Abstract

Education reform advocates, students and parents have challenged the equality and adequacy of public school finance systems for four decades. Legal scholars have examined this large body of cases from various angles. The result is a deep body of scholarship concerning school finance litigation. Similarly, there is a robust body of scholarship addressing storytelling — the use of narrative theory — in the law. The scholarly conversation about narrativity in the law began approximately 30 years ago, and originated in the feminist legal theory and critical race theory movements in legal scholarship.
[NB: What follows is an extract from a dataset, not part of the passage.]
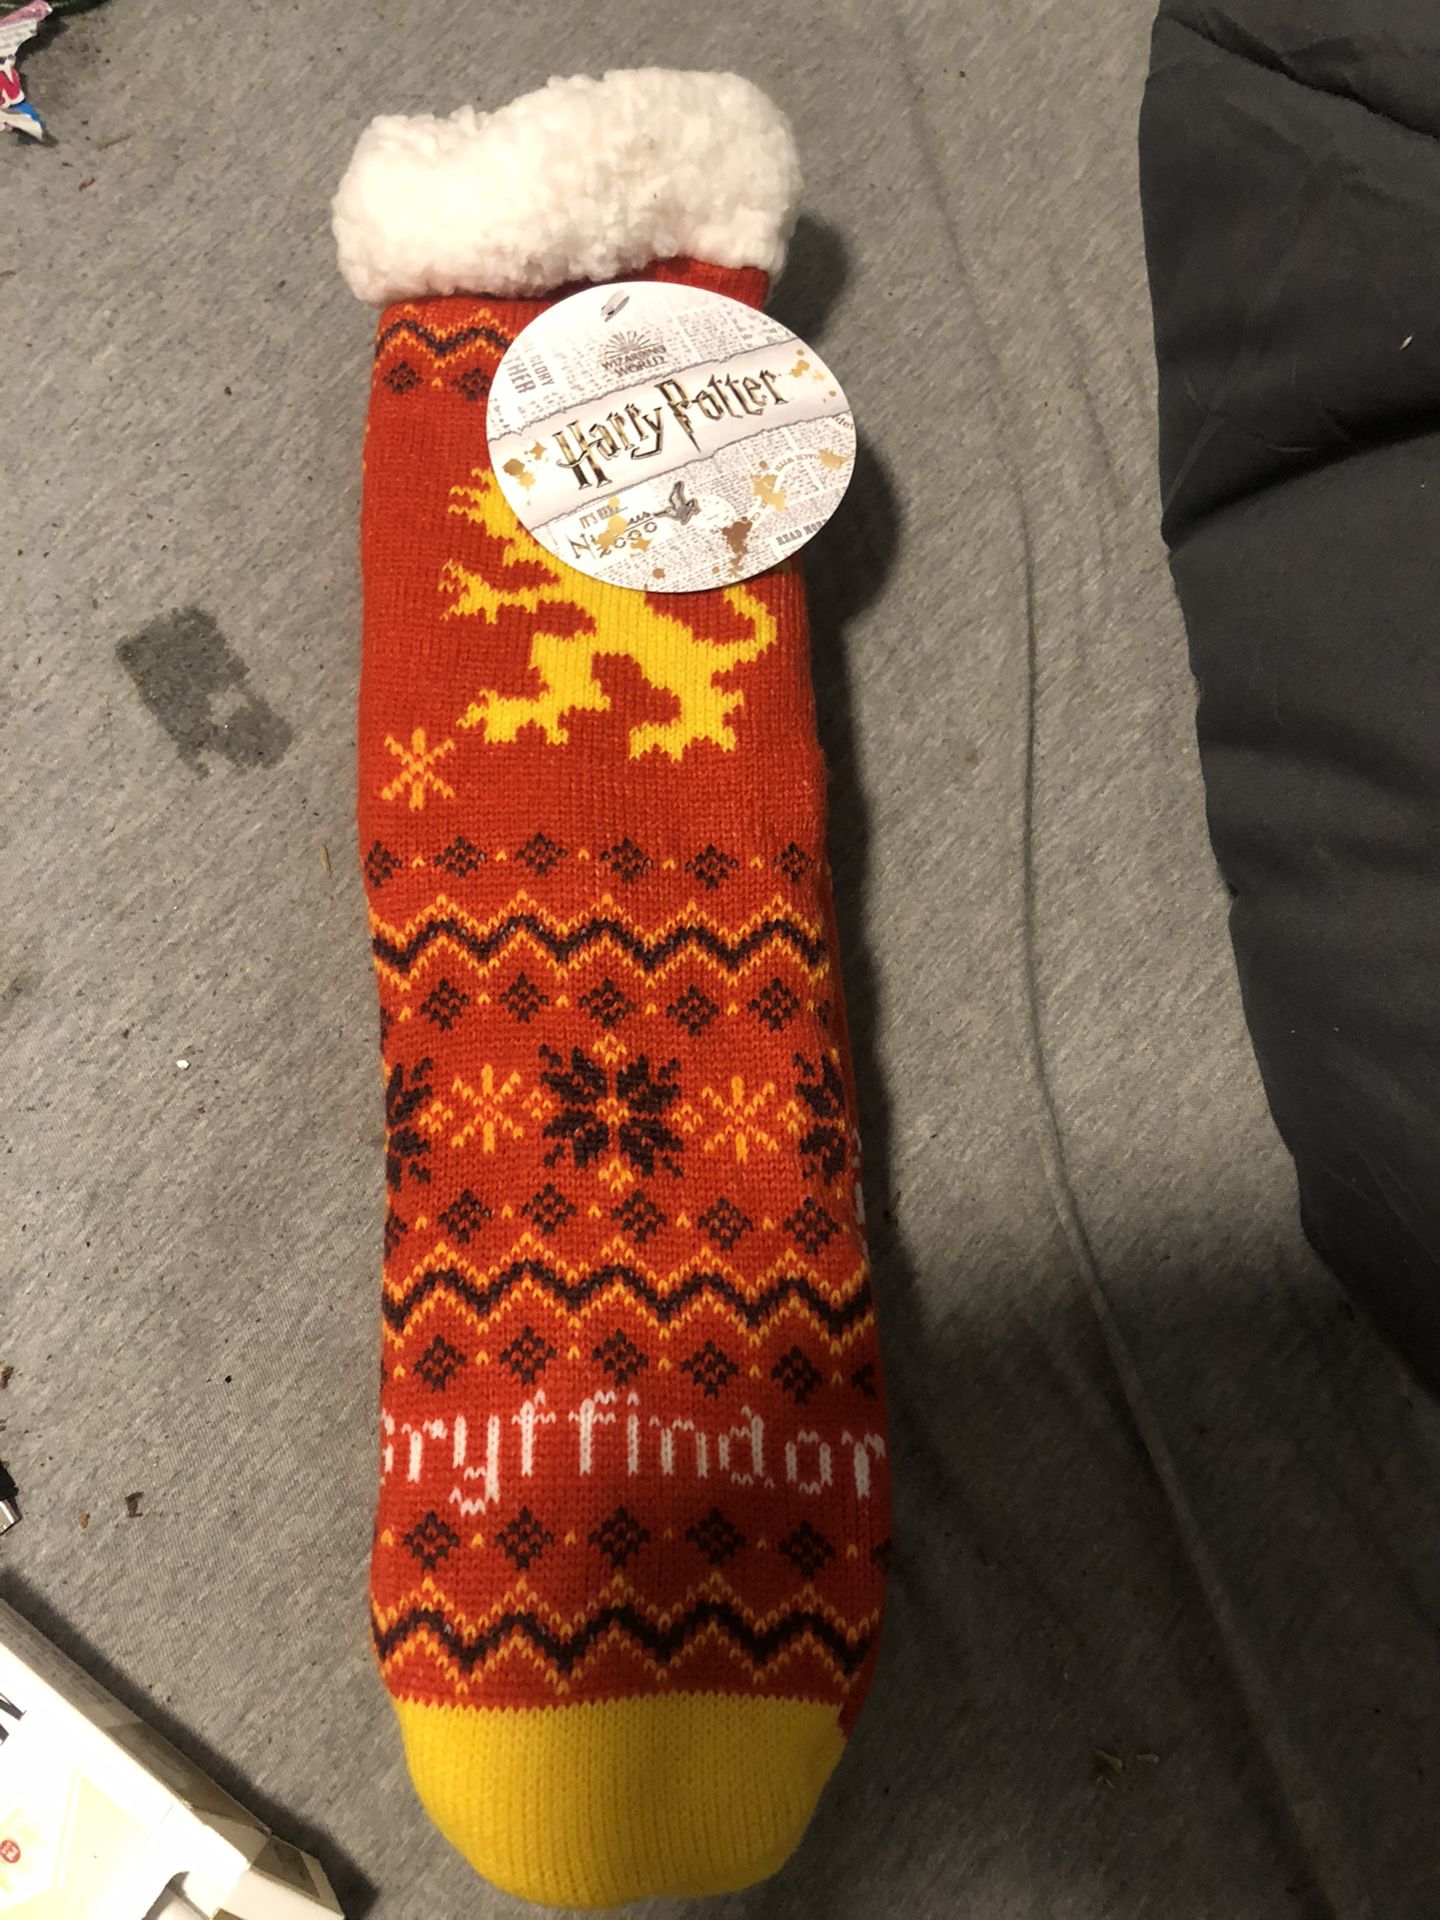 Harry Potter one size fits ok gryffondor house with the logo at the bottom . With the lion in the middle never worn selling for less than half retail
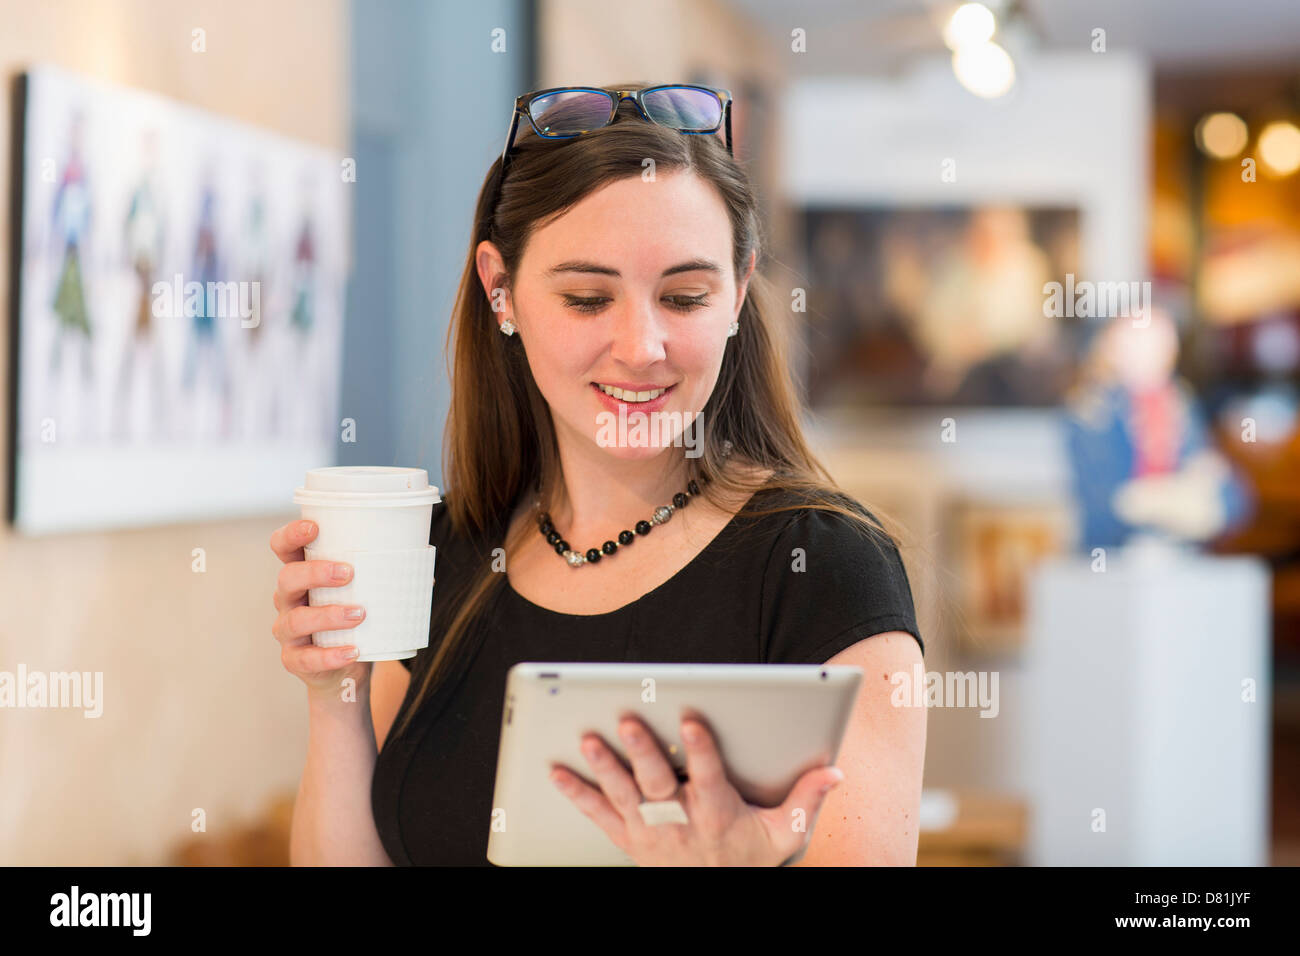 Caucasian woman using tablet computer in art gallery Stock Photo

This scholarship then entered the mainstream of legal scholarship and stressed the importance of storytelling in litigation and legal scholarship itself. As with scholarship on school finance litigation, today there are hundreds of articles exploring the narrative theory and the law.Notwithstanding these two rich strands of legal scholarship, the two have not yet intersected. Thus, no article has analyzed school finance litigation through the lens of storytelling and narrative theory. This Article connects storytelling scholarship and school finance litigation scholarship through the analysis of one case, Lobato v. State, in which school districts, students and parents challenged the constitutionality of Colorado’s school finance system. This Article analyzes the plaintiffs’ case, the trial court decision, and the Colorado Supreme Court opinion through the lens of narrative theory. It concludes that when compelling stories are told in school finance cases, plaintiffs will prevail. Moreover, it asserts that when courts ignore the call of plaintiffs’ stories, and thus find against them, such stories can still make a difference: The stories can become part of the larger public dialogue and engender real and concrete systemic changes.